Adapter can be thought of as the "Brain" that controls the other components, as it is what takes requests from the user and in response issues instructions to Storage and Compute. It handles a variety of different tasks which are described below.

Postgres protocol termination

Materialize intends to be mostly PostgreSQL-compatible, and the relevant code lives in the Adapter component. It presents to the network as a PostgreSQL database, enabling users to connect from a variety of tools (such as psql) and libraries (such as psycopg).

SQL interpretation and catalog management

Queries to Materialize arrive as SQL text; Adapter must parse and interpret this SQL in order to issue instructions to other systems. Adapter is responsible for managing the catalog of metadata about visible objects (e.g., tables, views, and materialized views), performing name resolution, and translating relational queries into the IR understood by Compute.

Timestamp selection

Every one-off query in Materialize occurs at a particular logical timestamp, and every long-running computation is valid beginning at a particular logical timestamp. As discussed in the section on Persist, durable relations are valid for a range of timestamps, and this range is not necessarily the same for every collection. Adapter must therefore track the available lower and upper bounds for all collections, in order to select a timestamp at which it will be possible to compute the desired result. This task is further complicated by the requirements of our consistency model; for example, in the default STRICT SERIALIZABILITY mode, time cannot go backwards: a query must never return a state that occurred earlier than a state already reflected by a previous query.

Compute

The Compute component transforms durable pTVCs into other pTVCs (either durable materialized views stored in Persist, or in-memory indexes) according to programs written in Materialize's internal IR. This language supports all the typical operations of relational logic that are familiar to SQL users, such as joins, reductions (GROUP BY), and scalar transformations.

When a user instructs Materialize to perform a computation (either a one-off SELECT query, a materialized view, or an in-memory index), Adapter supplies Compute with a compiled description of the query: an IR program describing the computation to run, a logical timestamp at which the computation should begin, and a set of Persist identifiers for all the durable inputs and outputs of the computation. Compute then transforms the IR according to several optimization passes, and finally compiles it into a Differential Dataflow program which streams input data from Persist and emits the required result -- either returning it to Adapter in the case of a one-off query, arranging it in memory in the case of an index, or writing it back to Persist in the case of a materialized view.

Physical Structure

The logical structure of Materialize components intentionally does not directly correspond to the physical layout in terms of networked processes. The split was chosen to allow user-defined scaling and redundancy of code that runs on the data plane.

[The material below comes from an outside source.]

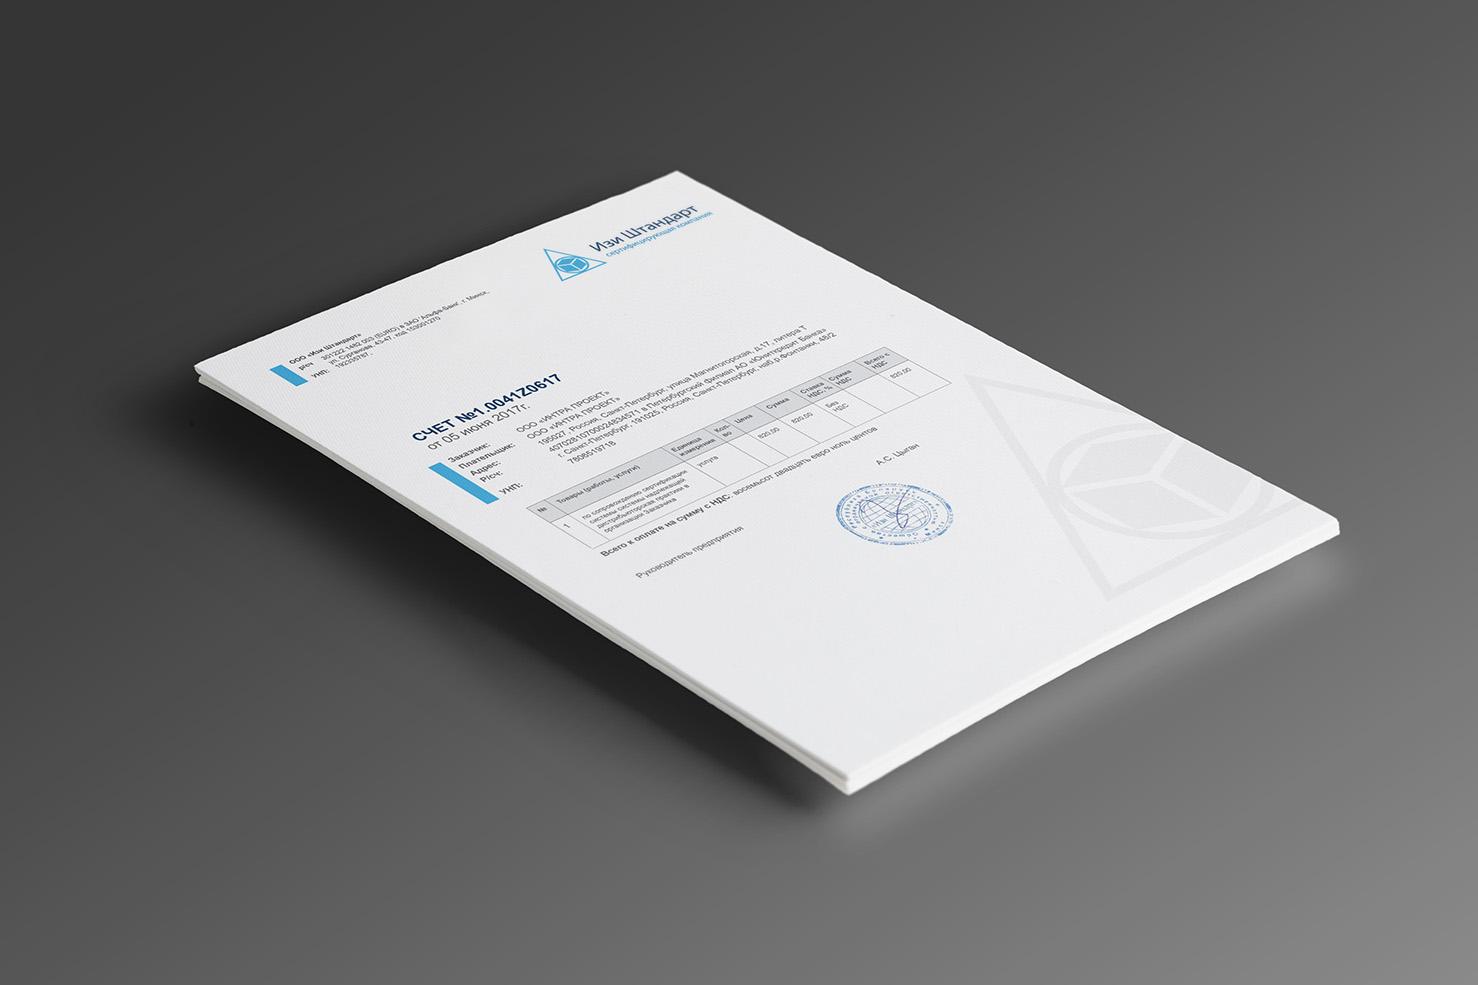 Оформление фирменных документов фото f_6545948feaaf2396.jpg

Concretely speaking, there are two classes of process in a Materialize deployment: environmentd, which contains all of Adapter as well as part of Compute and Storage (in particular, the controllers that maintain the durable metadata of those components), and clusterd, which contains the rest of Compute and Storage (in particular, the operators that actually process data). Furthermore, all Materialize processes run the Persist library, which handles storing and retrieving data in a durable store.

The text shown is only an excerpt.